Emma is looking for information about a new movie she wants to see. She searches for “new movie” on a site with data about movies, but the results are not very relevant. She tries again with “new movie 2021”, but still doesn’t find what she’s looking for. Finally, she searches for “new movie 2021 trailer” and finds exactly what she was looking for.
Why did Emma have to search three times? Because the search engine she was using is not very good at understanding what she wants. It’s not smart enough to know that she’s looking for a movie trailer, so it shows her a bunch of irrelevant results instead.
What if there was a better way? What if there was a search engine that could understand what Emma wants and show her exactly what she’s looking for? That’s what similarity search does. It uses neural networks to understand what people are looking for and show them relevant results.
Similarity search is a technique for finding similar items in a large dataset. It’s used in a variety of applications, including recommendation systems, information retrieval, computer vision, and natural language processing. In information retrieval (aka. search engines), similarity search is used to find documents that are similar to a given query based on the meaning of the words in the query and the documents instead of purely matching the words themselves.
Semantic search is an approach that goes by many names - some of the common ones are vector search, approximate nearest neighbors, similarity search, and neural search. The core idea is the same: use a model to generate vectors for each item in a dataset and then use those vectors to find similar items.
More traditional keyword search is excellent at finding results that contain the exact words in the query. However, it’s not very good at understanding the meaning of the words in the query and the documents. This means that it can’t find results that are similar to the query but don’t contain the exact words. For example, if you search for “new movie 2021 trailer”, you’ll get results that contain those exact words. But if you search for “new movie 2021”, you won’t get any results because there are no documents that contain those exact words.
The approach that powers semantic search enables improved results for question answering, recommendations, classification, and can be fine-tuned with domain-specific knowledge. It can also be used to find similar images, videos, and audio. In general, it can find patterns in unstructured data. For this article, we’ll constrain ourselves to just text-based similarity search and focus on information retrieval.
Similarity search is a broad topic, and there are many different techniques. The most common approach is to use a vector space, where each item is represented as a vector of numbers called an embedding. The embedding vectors are then compared using a distance metric, such as cosine similarity or approximate nearest neighbor. For text, large language models like BERT and ChatGPT are great at generating embeddings that capture the semantic meaning of the text.
All of that is a mouthful and for most people, it’s not very helpful. So let’s break it down into simpler terms.
Vectors are just lists of numbers. A decent way to think about vectors is as a row in a spreadsheet where each cell is a number. They can be used to represent anything - natural phenomena like velocity and acceleration in addition to things we care about searching for like words, images, and documents. Vectors let us turn important things into numbers that computers can understand and work with.
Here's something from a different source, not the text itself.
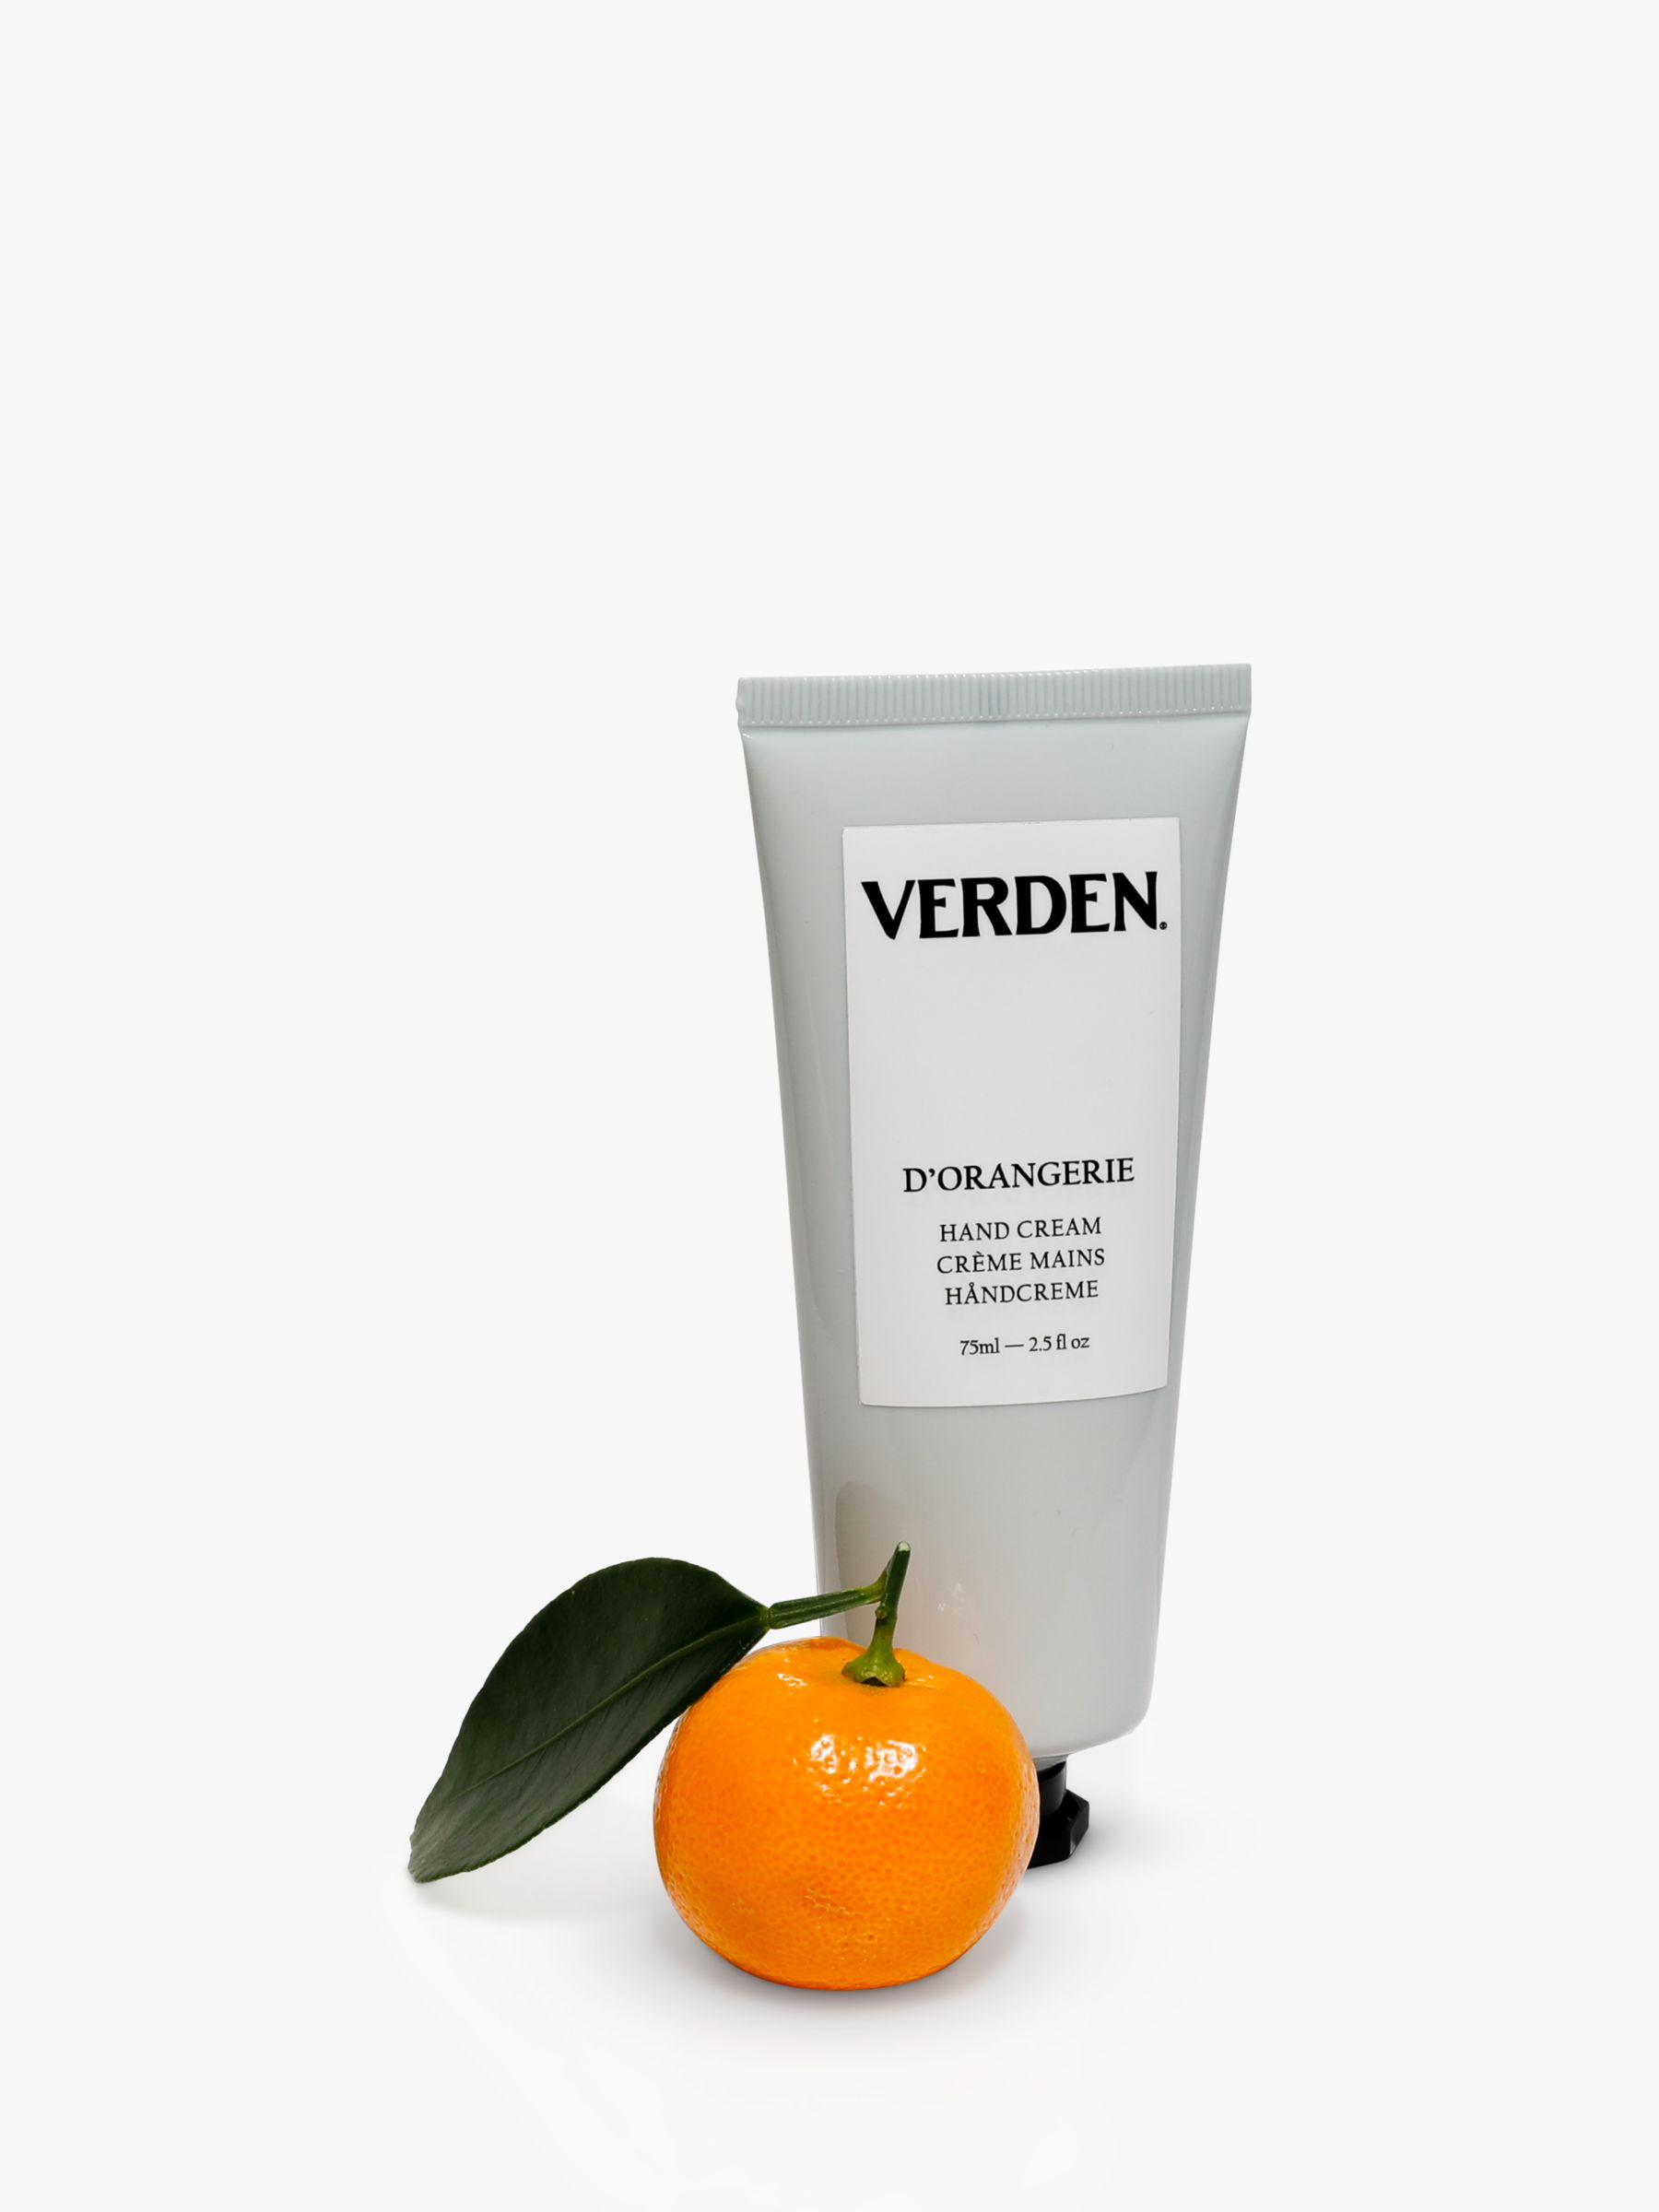 VERDEN D'Orangerire Hand Cream, 75ml 2

Models typically do this conversion from text to numbers in a few steps. First, they create a vocabulary of all the words or parts of words they care about. Then they assign each a unique number. Then they create a vector for each word by setting the number at the index of the word to 1 and all other numbers to 0. This creates a vector called one-hot encoding. These one-hot vectors are a good start but don’t tell much about the meaning of words and are mostly zeros, often referred to as sparse.
The one-hot vectors are fed into a model that was trained on a large body of text and has learned the statistical relationships between words. This process of feeding data to a trained model is typically called inference. The model is a humongous math formula, like a spreadsheet on steroids, with a ton of numbers in them called weights and biases. The model takes in the one-hot vectors, does a bunch of multiplications, and outputs an embedding vector. The embedding vectors are dense, meaning they have a lot of non-zero values, and have been embued with meaning from the model.
Interestingly enough, the model doesn’t actually know what the words mean - the model is just numbers and equations. It just knows that certain words are more likely to appear together than others. This is called distributional semantics and is a powerful way to represent the meaning of words. It’s also the reason why models like BERT and ChatGPT are so good at generating embeddings that capture the semantic meaning of text. It’s also a big challenge for understanding why models make certain predictions.
Words that have similar meanings to humans get used in sentences in similar ways. For example, the words “queen” and “queen” are both nouns and are often used in the same context. The model learns this relationship and encodes it in the embedding vectors. As a result, the embedding vectors for “queen” and “queen” are similar to each other. The model has learned that they are similar to each other and has encoded that information in the embedding vectors.
Once we have a few embedding vectors, we need a way to compare them. The most common way to do this is with a distance metric, such as cosine similarity or approximate nearest neighbor. These metrics measure how similar two vectors are to each other. The higher the score, the more similar they are. The lower the score, the less similar they are.
In practice, it’s computationally expensive to compare every vector against every other vector. A ton of approaches have surfaced to make approximate nearest neighbor search more efficient and all come with a set of trade-offs. The key thing is that it’s now possible to search through millions of vectors in milliseconds. Making semantic search practical at scale.